The details (syntax, precise semantics) will be determined via experimentation and subject to RFC.
Stabilize trait for async iteration
There has been extensive discussion about the best form of the trait for async iteration (sometimes called Stream
, sometimes AsyncIter
, and now being called AsyncGen
). We believe the design space has been sufficiently explored that it should be possible to author an RFC laying out the options and proposing a specific plan.
Release a proc macro for dyn dispatch with async fn
in traits
Currently we do not support using dyn
with traits that use async fn
or -> impl Trait
. This can be solved without language extensions through the use of a proc macro. This should remove the need for the use of the async_trait
proc macro in new enough compilers, giving all users the performance benefits of static dispatch without giving up the flexibility of dynamic dispatch.
Complete async drop experiments
Authors of async code frequently need to call async functions as part of resource cleanup. Because Rust today only supports synchronous destructors, this cleanup must take place using alternative mechanisms, forcing a divergence between sync Rust (which uses destructors to arrange cleanup) and async Rust. MCP 727 proposed a series of experiments aimed at supporting async drop in the compiler. We would like to continue and complete those experiments. These experiments are aimed at defining how support for async drop will be implemented in the compiler and some possible ways that we could modify the type system to support it (in particular, one key question is how to prevent types whose drop is async from being dropped in sync code).
The "shiny future" we are working towards
Our eventual goal is to provide Rust users building on async with
- the same core language capabilities as sync Rust (async traits with dyn dispatch, async closures, async drop, etc);
- reliable and standardized abstractions for async control flow (streams of data, error recovery, concurrent execution), free of accidental complexity;
- an easy "getting started" experience that builds on a rich ecosystem;
- good performance by default, peak performance with tuning;
- the ability to easily adopt custom runtimes when needed for particular environments, language interop, or specific business needs.
Design axiom
- Uphold sync Rust's bar for reliability. Sync Rust famously delivers on the general feeling of "if it compiles, it works" -- async Rust should do the same.

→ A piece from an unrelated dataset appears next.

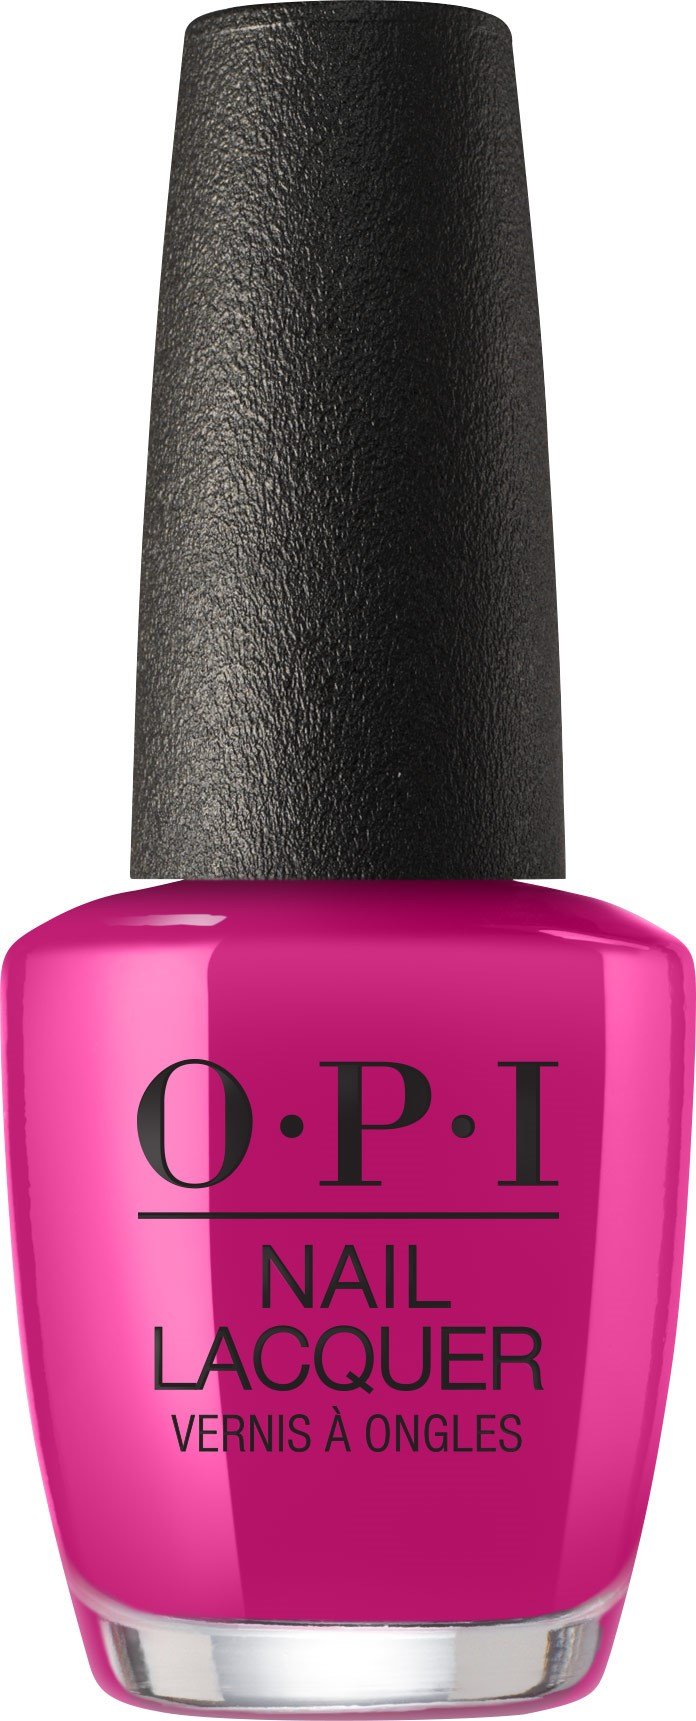 OPI Nail Lacquer - Hurry-juku Get this Color!

- We lay the foundations for a thriving ecosystem. The role of the Rust org is to develop the rudiments that support an interoperable and thriving async crates.io ecosystem.
- When in doubt, zero-cost is our compass. Many of Rust's biggest users are choosing it because they know it can deliver the same performance (or better) than C. If we adopt abstractions that add overhead, we are compromising that core strength. As we build out our designs, we ensure that they don't introduce an "abstraction tax" for using them.
- From embedded to GUI to the cloud. Async Rust covers a wide variety of use cases and we aim to make designs that can span those differing constraints with ease.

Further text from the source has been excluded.